Your New Jersey tax dollars at work

Game of the Day (Day 68)

October 29, 1967

Columbia 24 Rutgers 13

I saw this letter this morning from a concerned Rutgers alum who's angry that the school once known for its connections to Ivies like Columbia and Princeton is now spending a huge amount to compete in big-time football and women's basketball.

Indeed, Columbia and Rutgers once had a grand football rivalry until the late 70's when the Scarlet Knights decided to go "big time." For the record, it took more than 25 years for Rutgers to get there, but get there they did and I think it's been a very good thing for New York-area sports fans who have been deprived of a personal connection to top-ranked college football for so long.

Rutgers' slow climb to upper echelon football made most of the last games against Columbia one-sided affairs, (the last meeting was in 1978 at Giants Stadium where the Lions fell by a 69-0 score, convincing then-Head Coach Bill Campbell to quit coaching, though he did spend one more year at the helm in Morningside Heights). But most of the games in the 1960's were pretty exciting. One of Columbia's best wins came in 1967, with junior QB sensation Marty Domres leading the way at Baker Field.

In what was to be legendary Coach Buff Donelli's last season, the Lions opened 1967 with an encouraging 17-14 win over Colgate. But then three mostly lopsided losses to Princeton, Harvard, and Yale followed. Domres was stellar in those losses, and he came into the Rutgers game with the best completion percentage in the nation at .606. But the Scarlet Knights were still favored by two scores.

Domres went deep early, hitting receiver Don Brophy on the first play from scrimmage for a 66-yard bomb to the Rutgers 10. Jim O'Connor took it in from the two three plays later for the 7-0 lead. The Domres led the team on an 11-play 83-yard drive before taking it in himself from the five, (Domres was also a fine runner), to make it 14-0 at the end of the first quarter.

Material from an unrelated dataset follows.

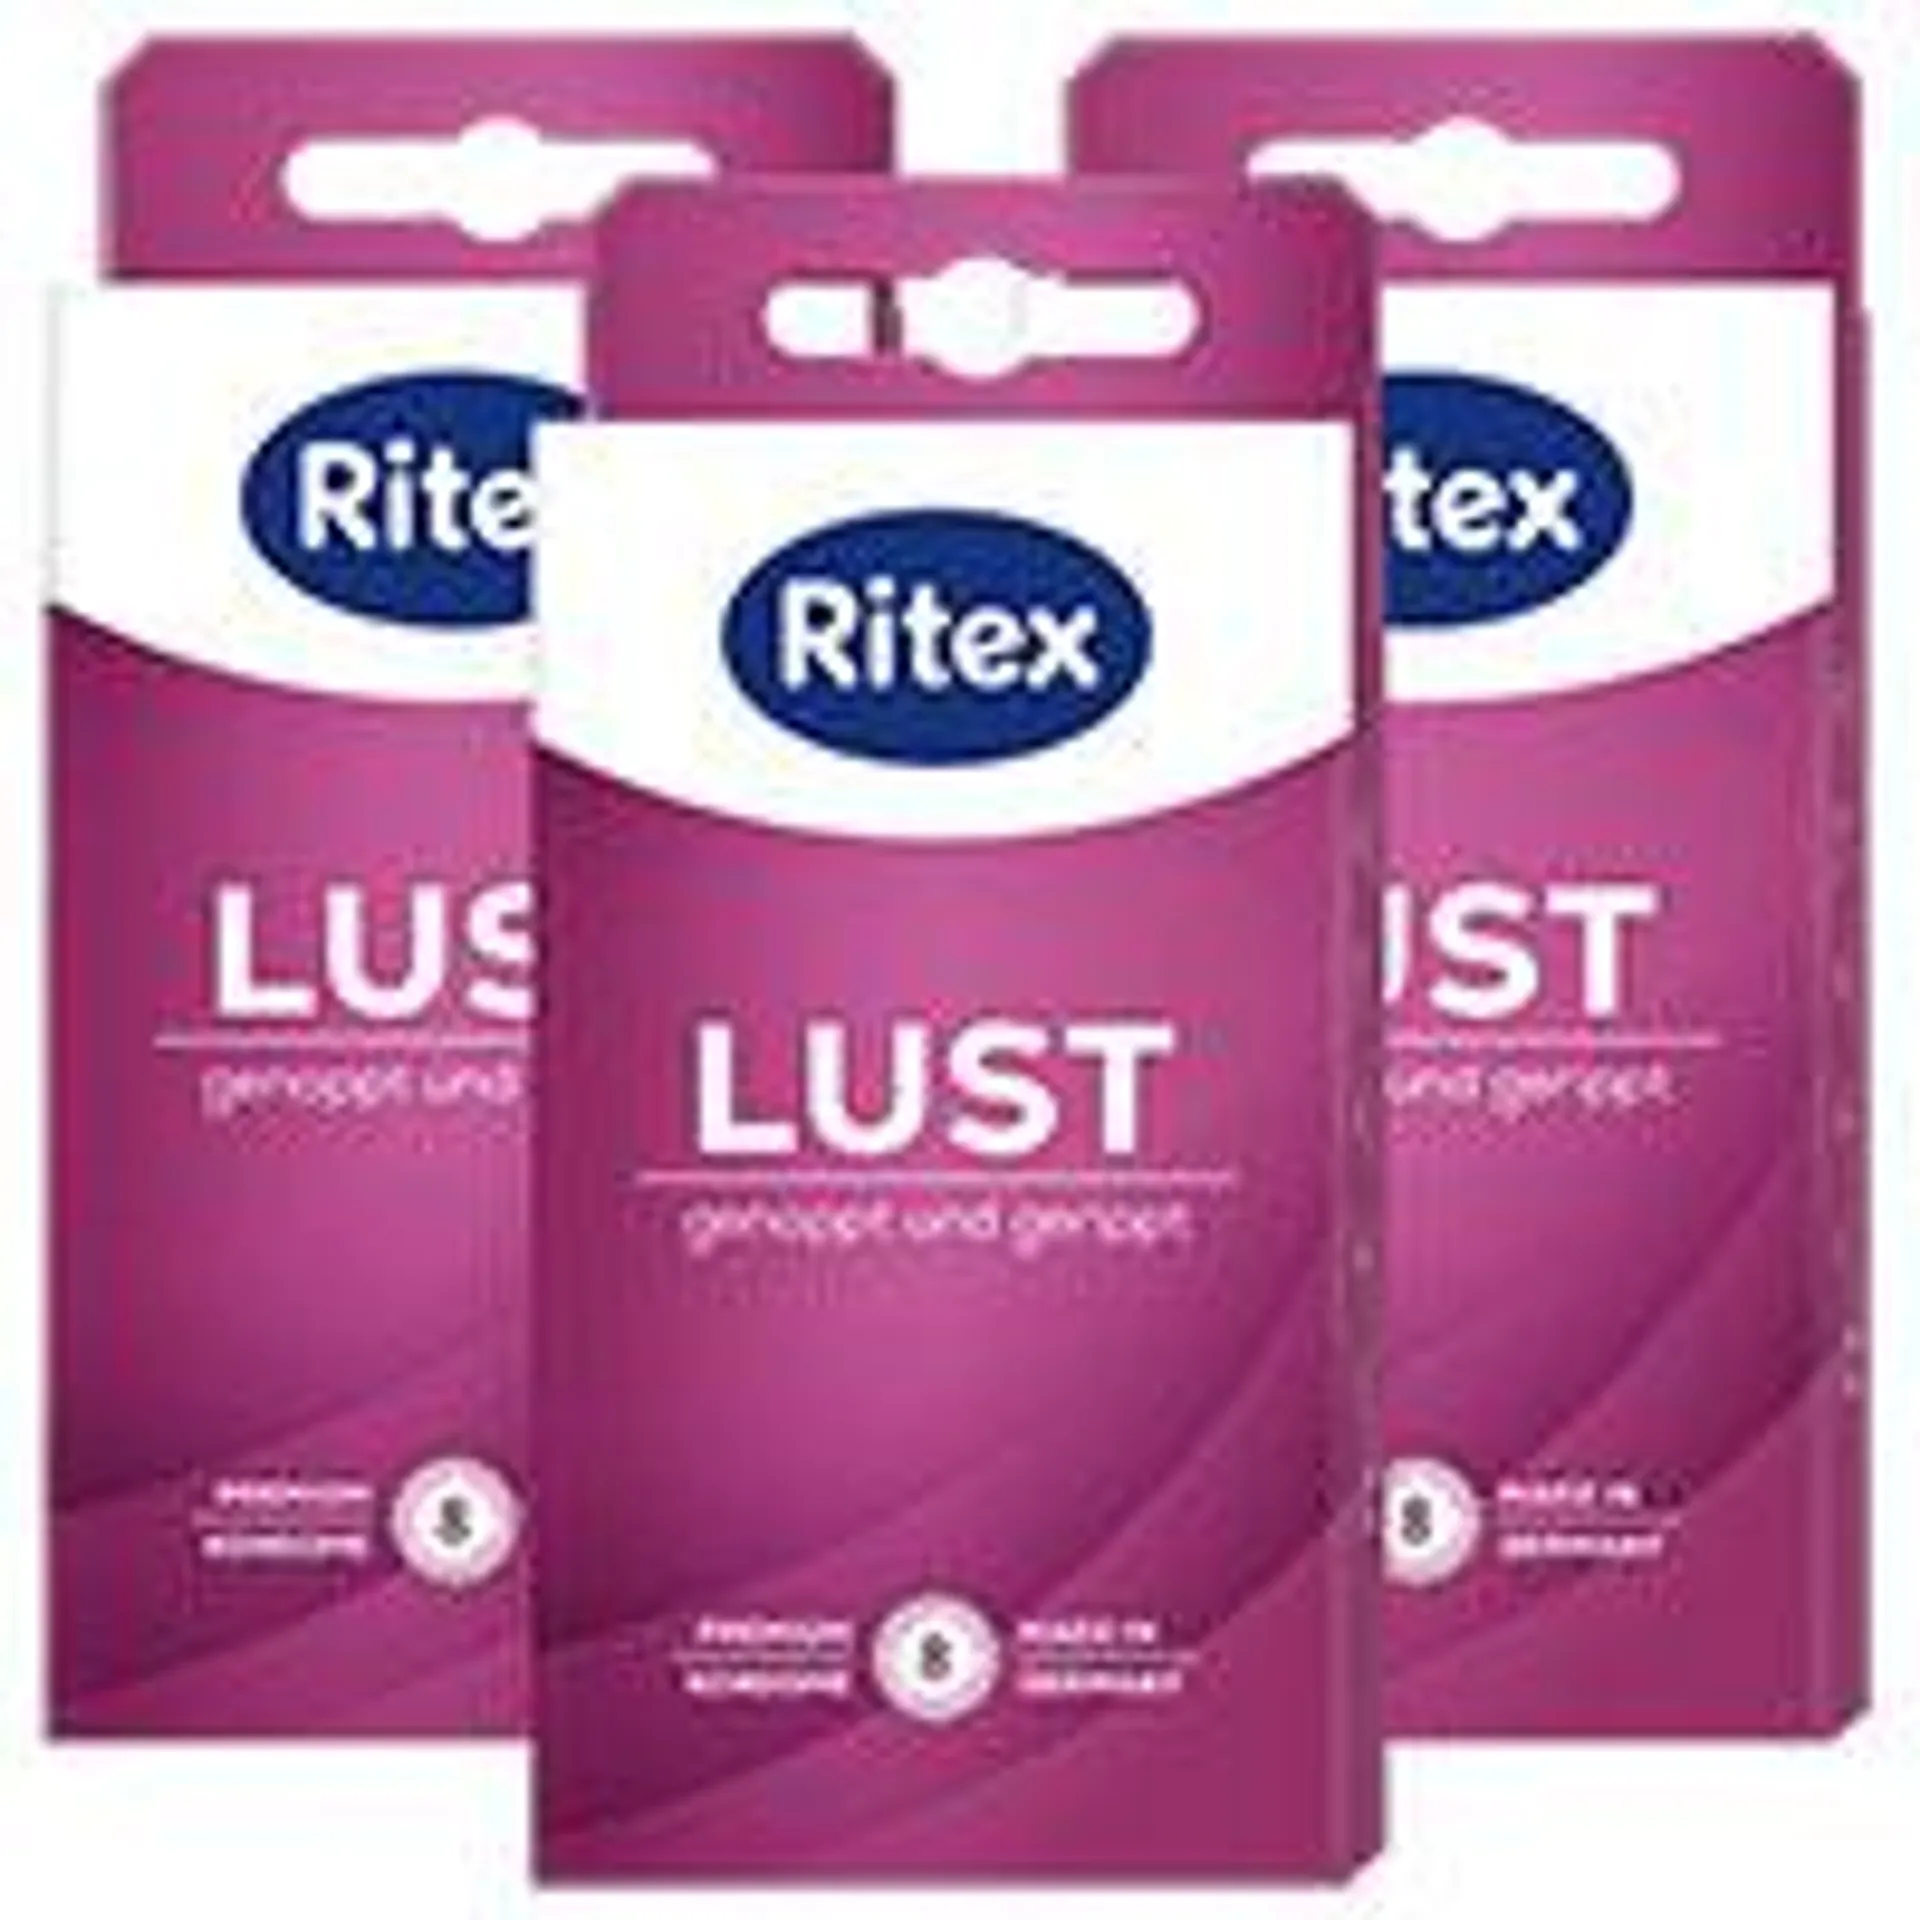 RITEX Lust Kondome Sparset

Domres struck again after Rutgers had narrowed it to 14-7. He found captain Don Hubert for an 11-yard TD pass to make it 21-7 at the half.

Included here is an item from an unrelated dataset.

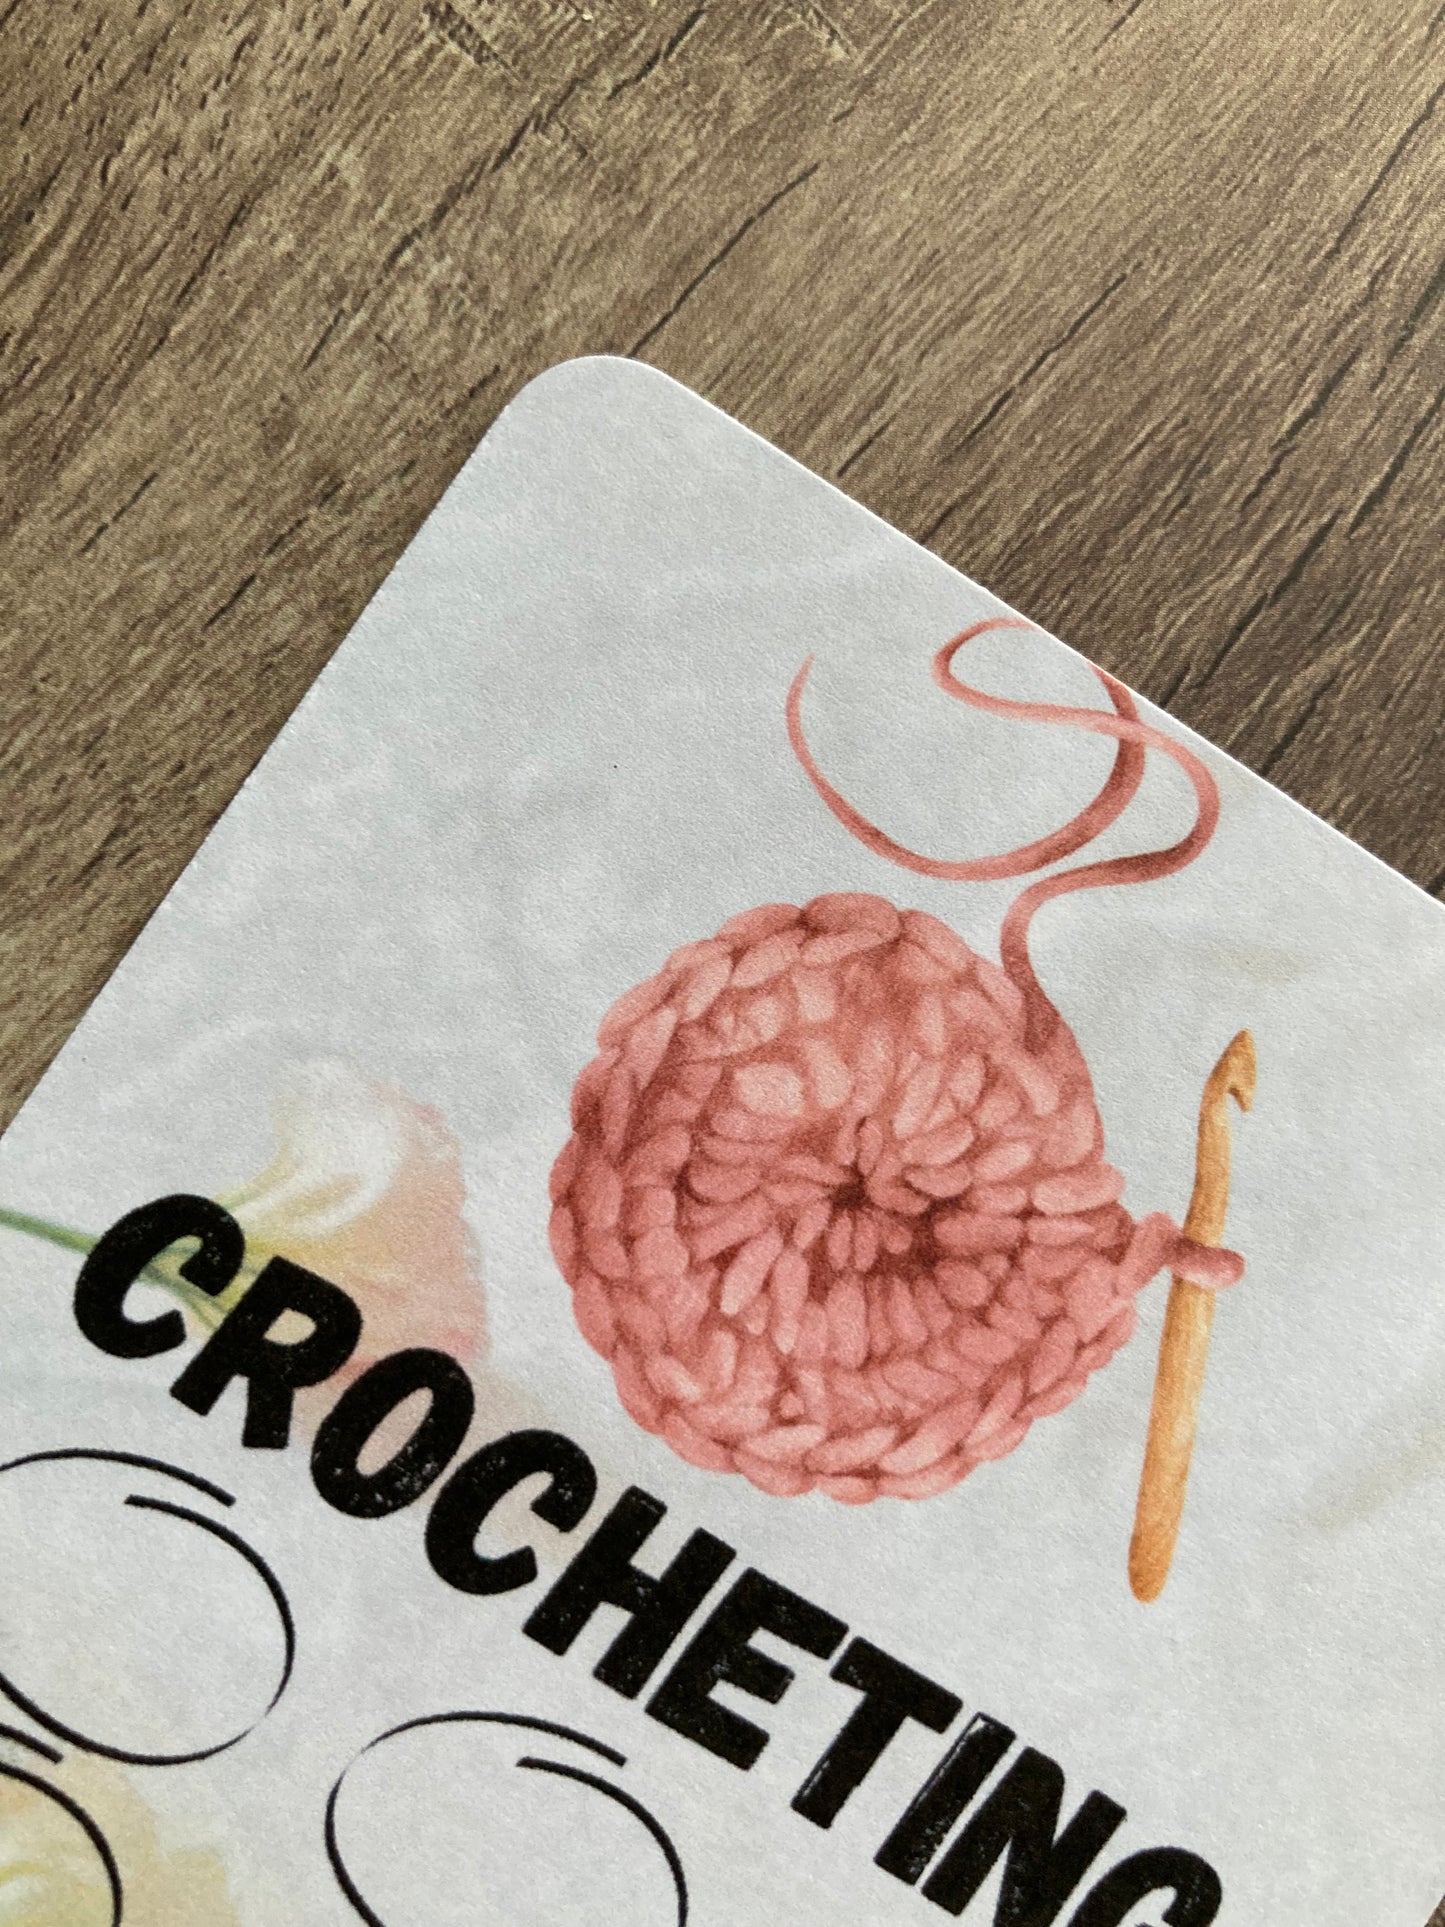 Saving challenge “crocheting”

Domres only attempted two passes in the second half, as he showcased his running skills along with the regular Lion ball carriers. Columbia finished the game with 244 yards rushing.

Another hero of the game was sophomore defensive back Jeff Blake who had two interceptions, both in the fourth quarter and both inside the Columbia 10-yard line to snuff out Rutgers' drives.

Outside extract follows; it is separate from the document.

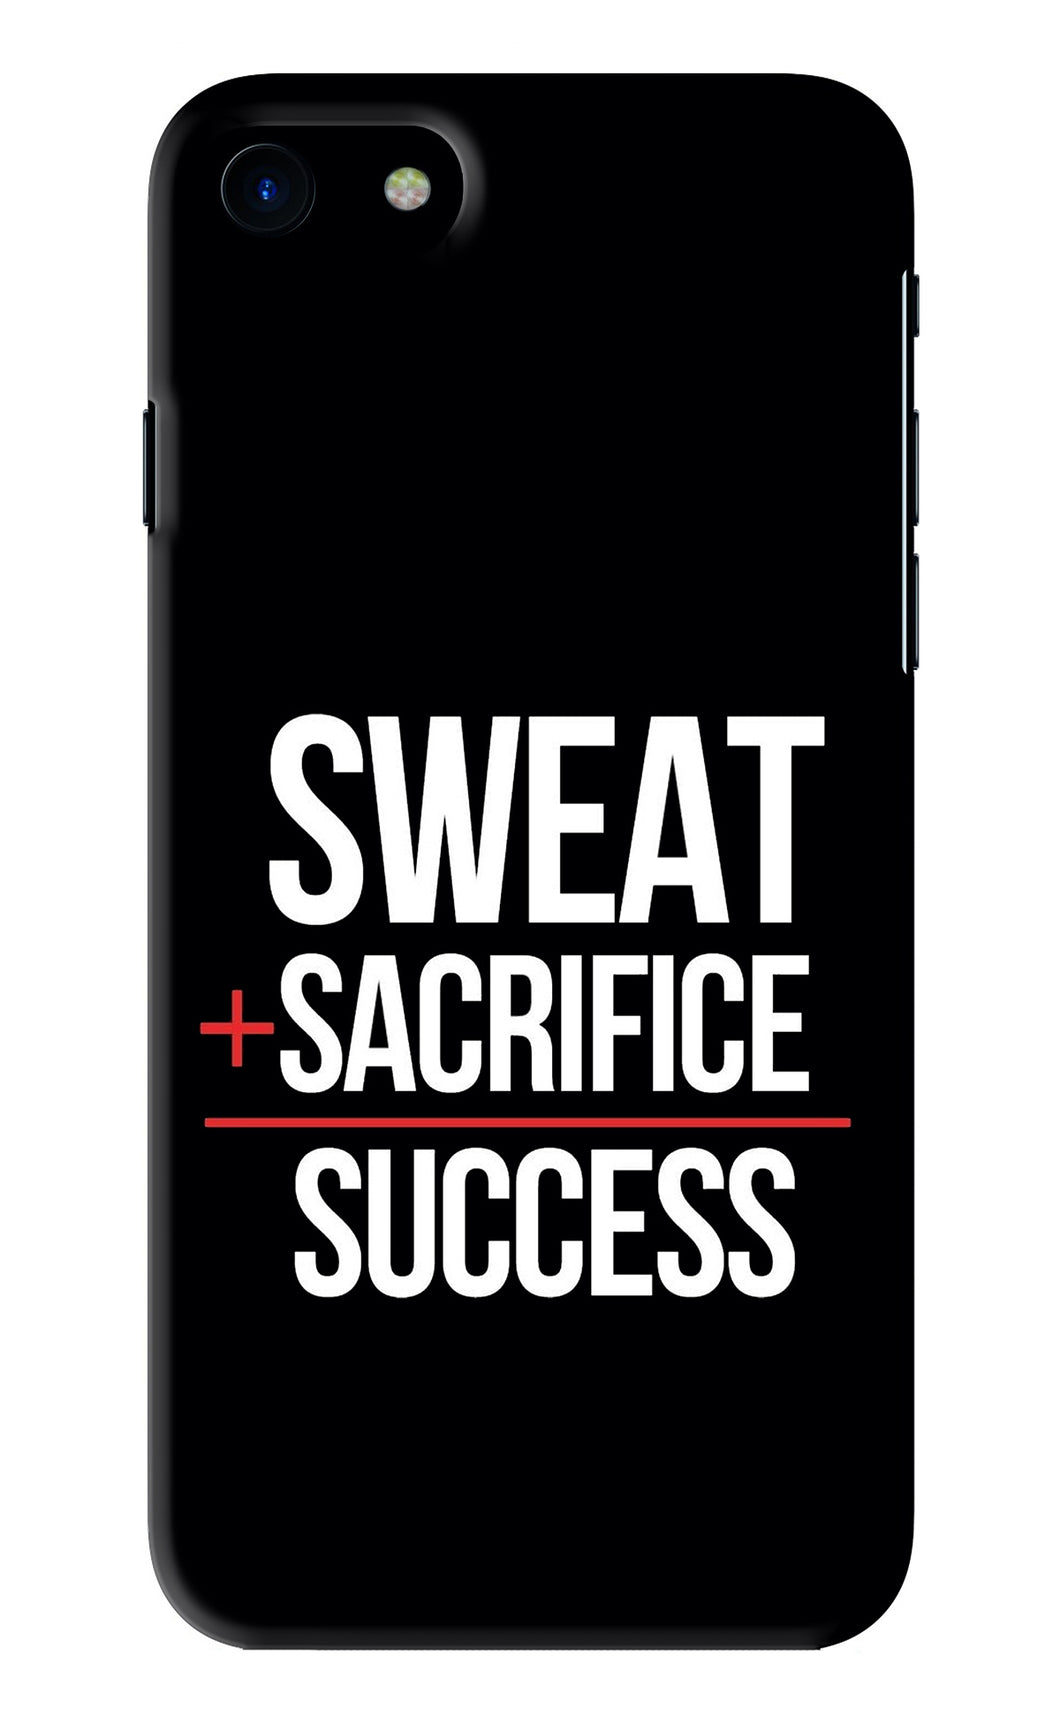 Sweat Sacrifice Success iPhone 8 Back Skin Wrap

Columbia would not win again that season, but there was little doubt about how good Domres was after that day. He would eventually play several seasons in the NFL, and is now in the brokerage business in the Baltimore area.

The Columbia-Rutgers rivalry, the second oldest in college football, (the two teams first played in 1870), has been moribund for 30 years now.


At Tue Jul 15, 10:05:00 PM GMT+7, Anonymous Anonymous said...

Article about Bill Campbell in the 7/21 Fortune. "The Coach of Silicon Valley". Even an on field action shot from the early 60s.

At Wed Jul 16, 01:41:00 AM GMT+7, Anonymous Anonymous said...

I was at the infamous Rutgers game when we were blown out at Giants Stadium. I have hated Rutgers football ever since. They left in their starters and were trying to make a statement. We dropped Rutgers and the Princeton Trustees, who were sickened by that spectacle, ordered their AD to drop Rutgers as well. As far as I am concerned Schiano is everything that is obscene about big time football.

At Wed Jul 16, 09:22:00 PM GMT+7, Blogger cathar said...

I was at that Rutgers game too. The announced attendance was something like 1700. Almost all of whom seemed to be people I sort of recognized, because to "paper" the house the New Jersey Sports & Exposition Authority had sent free tickets to every household in East Rutherford, my old home town.

At the time, I felt that Columbia football couldn't get any worse than this. And through all our travails since, it really hasn't.

Rutgers is much welcome to Schiano. The dumping of such other sports there as swimming, tennis and crew, however (and Rutgers runs a very nice program and has a true gentleman as its men's coach), is disgraceful.